Here's just few reasons why I am a skeptic:

Exhibit A: Obama's 'returning king'-like visit to Kenya. I'll excuse him the photo op visit to Robben Island, but the manufactured, 'second coming of The Messiah' coverage of his visit to his Father's long-left-behind village was bizare and disturbing. "Who does that Brother think he is?" was something I heard from a number of my friends.

Exhibit B: His appeal to Hollywood, and his need for their approval. Hollywood is a place in which a presidential candidate must be a "Star": in other words, a "Cult of Personality" is necessary to capture their meandering attentions. This will not go over well with middle class Americans, who inherently distrust Hollywood on anything other than their ability to entertain them: "Tell me a story, but keep your political views to yourself, please!"

Exhibit C: The media, first and foremost here in Chicago, has granted Obama carte blanche. The Chicago Sun-Times Washington correspondent, Lynn Sweet, writes Tiger Beat-style mash notes about the junior senator from Illinois. This is the case with nearly every other correspondent, both in print and broadcast media. One day after accounts of Obama's sweetheart real estate deal with indicted Blagojevich svengali Tony Resko appeared, the story was swept under the rug. The fix is clearly in, and no one (at least until the Democrat nominee is chosen at the convention) will subject Obama to the type of scrutiny that is de rigeur for presidential candidates. Instead, we get correspondents like the aforementioned Sweet gushing about how locker room talk at the East Bank Club confirms that Obama has "almost zero body fat."

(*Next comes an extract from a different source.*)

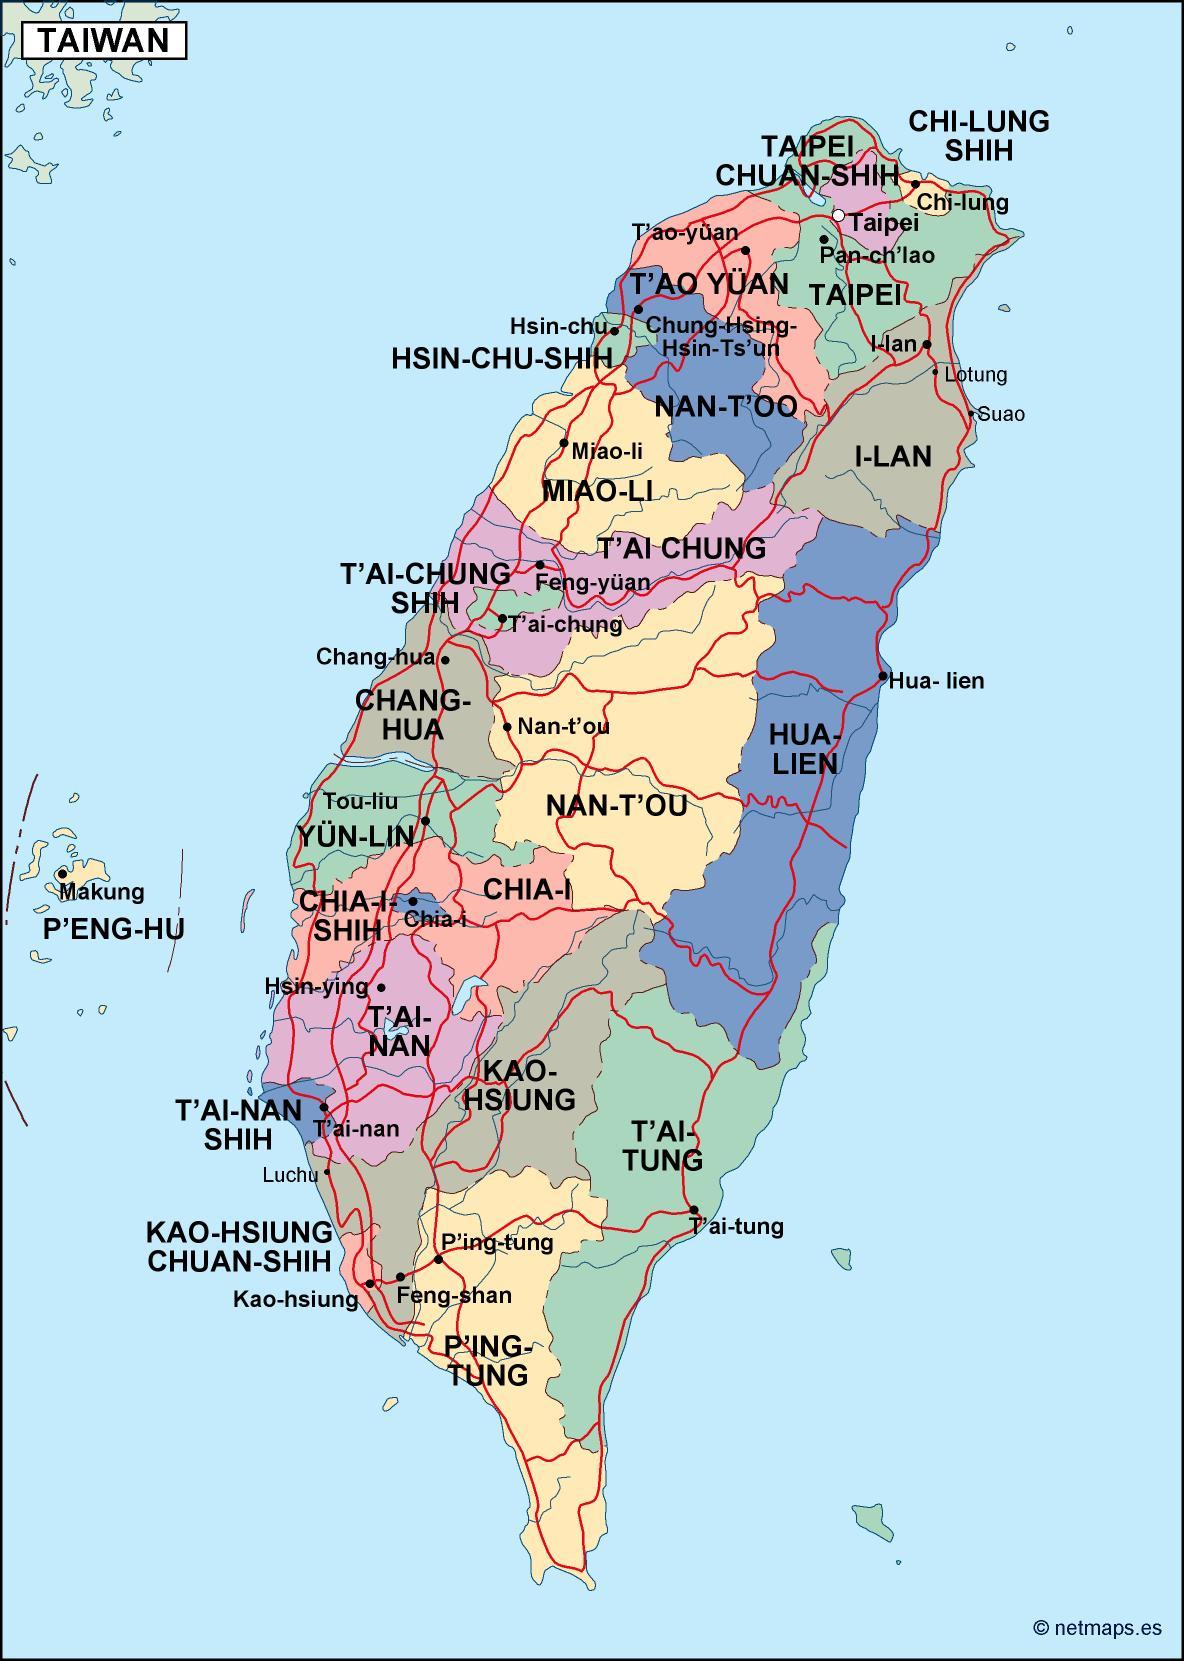 Taiwan Political Map Eps Illustrator

I have never liked the way Obama tries to play it both ways, exaggerating his African-American heritage and, for all effect and purpose, disavowing his white mother. In focusing solely on his ethnicity as a black man, he makes himself vulnerable to condescending, patronizing adoration as exhibited by Democrats like Biden, (Edward) Kennedy, etc., two men whose circles never interract with a black man or woman outside of a pre-arranged political event. Sorry, but their comments betray them as people who have ideas about African-Americans but no actual relationships with any. As with most of their political bent, theory (what you would ideally like something to be) has no correllation to reality. People are, as Oprah would say, what you would envision them to be.

IMO, Obama's two best-selling books are both helping and hindering his larger goals. I've heard seemingly independent commentators express cynicism about his other career, and whether or not his presidential aspirations are really about his lucrative publishing contracts. It isn't just Conservatives saying ...

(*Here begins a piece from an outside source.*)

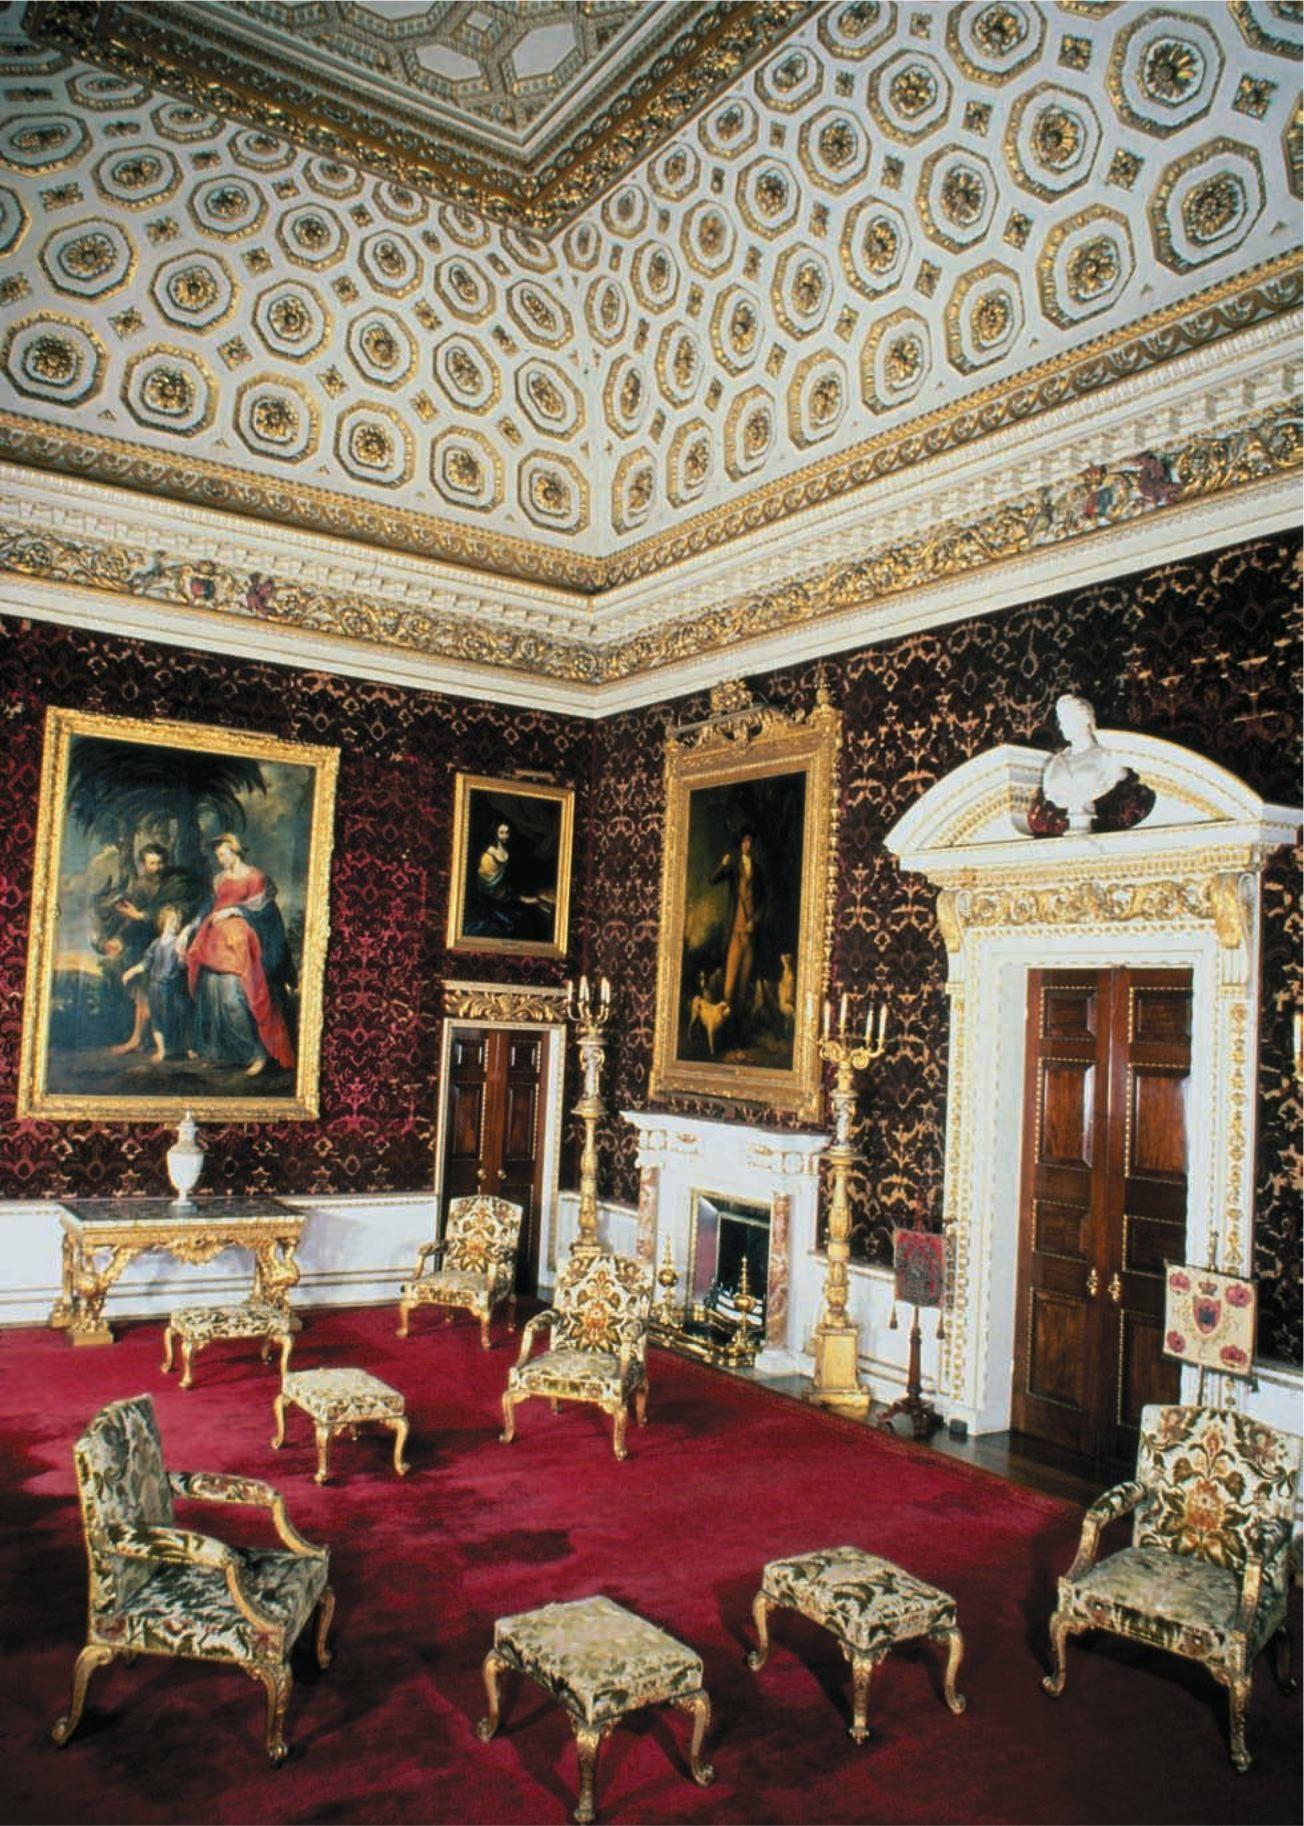 Holkam hall saloon begun 1734 norfolk england william kent

"Barack Obama. Saving the world one multi-million dollar book deal at a time."

I think the "Cult of Personality' surrounding Obama is perhaps best evinced by how much adoration has been given over freely to him without examination or reflection, especially by celebrity Democrats (Oprah, George Clooney, Halle Berry, etc.).

Then there is The Speech.

Obama's keynote speech to the Democratic National Convention in 2004 is routinely cited as evidence of his JFK-esque personnae. And yet that speech is nearly three years old! I know a couple who have listened to Obama speak in more personal, less scipted situations and they were disapointed. He seems uncomfortable in more intimate gatherings and, they said "the 'magic' just wasn't there." And yet, people so want Obama to be "The Perfect Black Man, "the Perfect African-American Presidential Candidate", that they willfully dismiss any evidence contrary to the Cult.

So what is your opinion? Is Obama's embrace of the "Cult of Personality" something that bodes well for his presidential aspirations, or is this something that will ultimately relegate his run to that of historical anecdote?